Physiquement, Gaspard allait plutôt bien, on aurait même pu dire qu’il allait mieux que de son vivant. Il ne sentait plus la gêne occasionnée par son arthrose ni cette vieille douleur dans la cage thoracique qui l’oppressait depuis ses pontages coronariens. Il trottinait derrière Luna sans être essoufflé ; évidemment : il ne respirait plus ! En principe, les morts n’avaient pas de problème de santé. Notre ami semblait frais comme un gardon, pourtant il ressentit le besoin de faire une pause. Il avait perdu l’habitude de parcourir autant de chemin et à une telle allure ! Il croyait s’asphyxier alors qu’il n’avait plus besoin d’air. Il était également convaincu qu’à tout moment ses vieilles jambes allaient le trahir, pourtant il ne touchait que très légèrement le sol…

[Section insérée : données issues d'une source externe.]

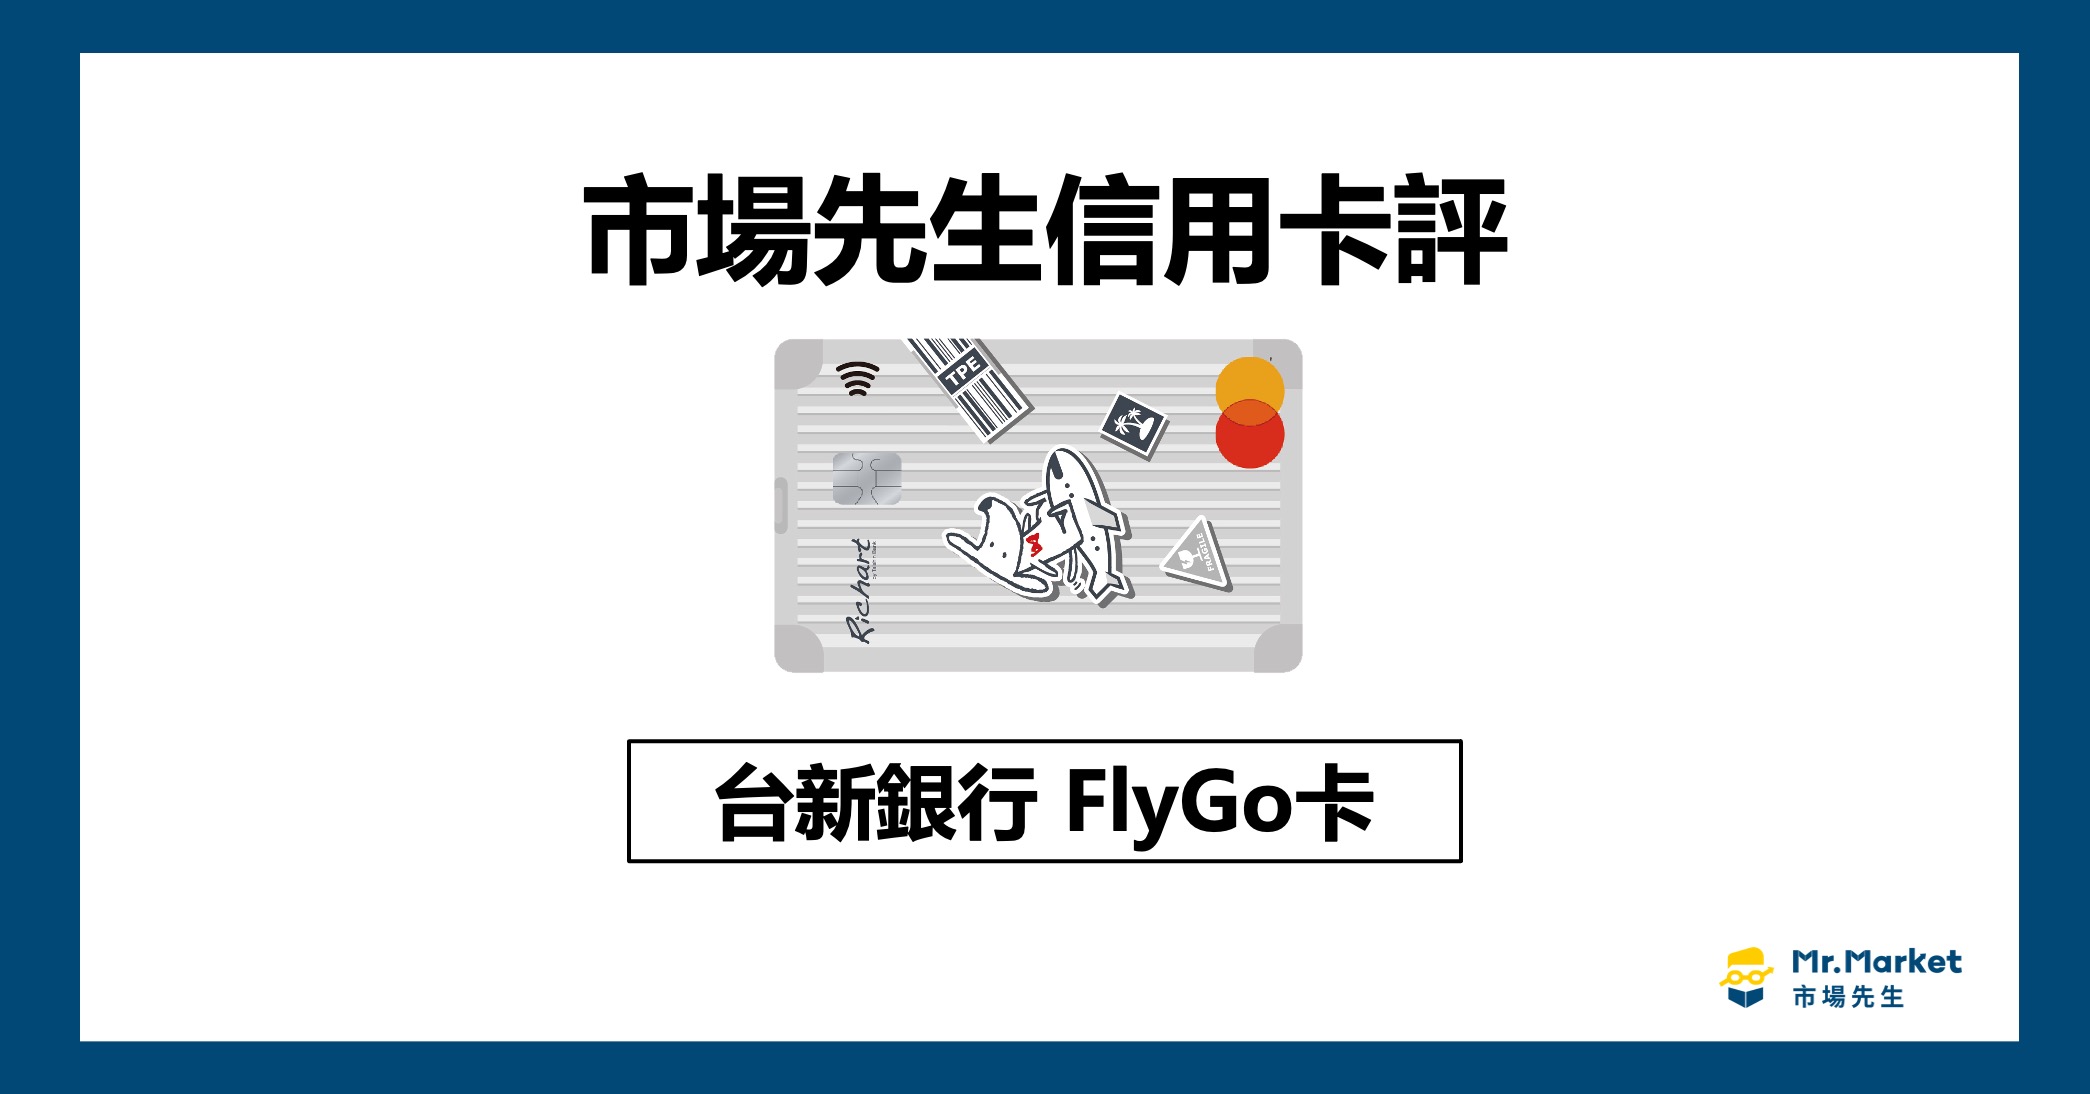 台新FlyGo卡值得辦嗎？《市場先生信用卡評》台新FlyGo卡

Luna, réalisant que Gaspard se trouvait en difficulté, consentit à faire une pause. Elle avisa un petit espace creusé dans la roche charbonneuse du souterrain, il y avait un petit banc de pierre. Il se trouvait là, certainement pour permettre aux anciens travailleurs des carrières de prendre un peu de repos. Dans une lumière parcimonieuse venue d’on ne sait où, Gaspard avait enfin le loisir de dévisager la jeune fille. Malgré les années, elle n’avait pas vieilli, elle semblait avoir toujours vingt ans, l’âge qu’elle affichait la dernière fois qu’ils s’étaient vus. Elle était magnifique de fraîcheur et de vivacité. Le vieil homme plongea dans son regard clair et tous les sentiments qu’il avait éprouvés pour son amie d’enfance ressurgirent. Alors, un profond désespoir s’empara de lui.

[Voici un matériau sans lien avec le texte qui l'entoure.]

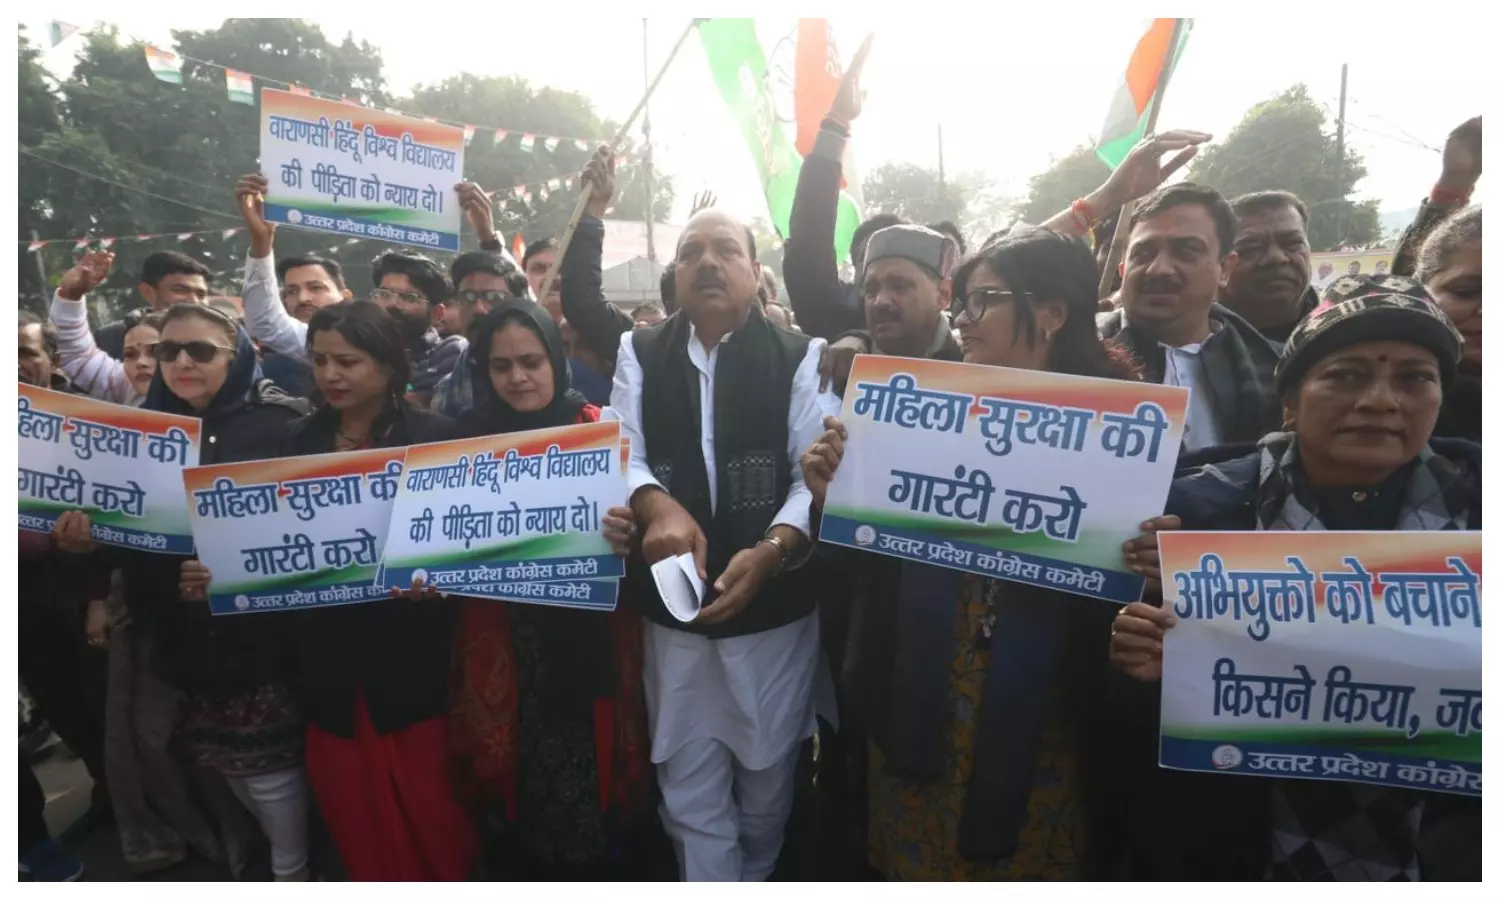 IIT BHU Case: सरकार के खिलाफ कांग्रेस का प्रदेशव्यापी प्रदर्शन, लखनऊ भी में विरोध, राज्यपाल को सौंपा ज्ञापन

Le retraité, arrivé au bout de sa vie, contemplait son premier amour qui lui était soudain rendu ! Comment imaginer une chose pareille ? Que pouvait ressentir la jolie Luna devant ce vieil homme voûté au teint grisâtre ?

— Ça va Gaspard ? s’inquiéta Luna, on fait une pause, après tout, on n’est pas pressés.

— C’est bien toi Luna ? Je me souviens… Tu es venue me chercher ! C’est bien ça hein ? Je suis mort, là ?

— Tu m’as manqué, si tu savais comment ! Maintenant le temps perdu, on peut l’oublier ! Du temps, on en a ! Et de l’espace aussi on a ! Tu ne vas jamais imaginer tout l’espace qu’on a ! On a tout l’univers, plus tout le reste que tu connais pas encore…

— Je suis vraiment mort, dis ? s’inquiéta Gaspard.

— On peut dire ça, pour parler simple. En réalité, tu es comme moi maintenant… Dans un autre espace et sous une autre forme. Tu as toujours la même apparence, mais tes atomes sont organisés différemment… Les lois de la physique ne sont plus les mêmes. On reparlera de tout ça plus tard. Ton corps n’existe plus.

— Quand même… Je sens bien ma main quand je la pose sur mon front… Protesta le pauvre vieux.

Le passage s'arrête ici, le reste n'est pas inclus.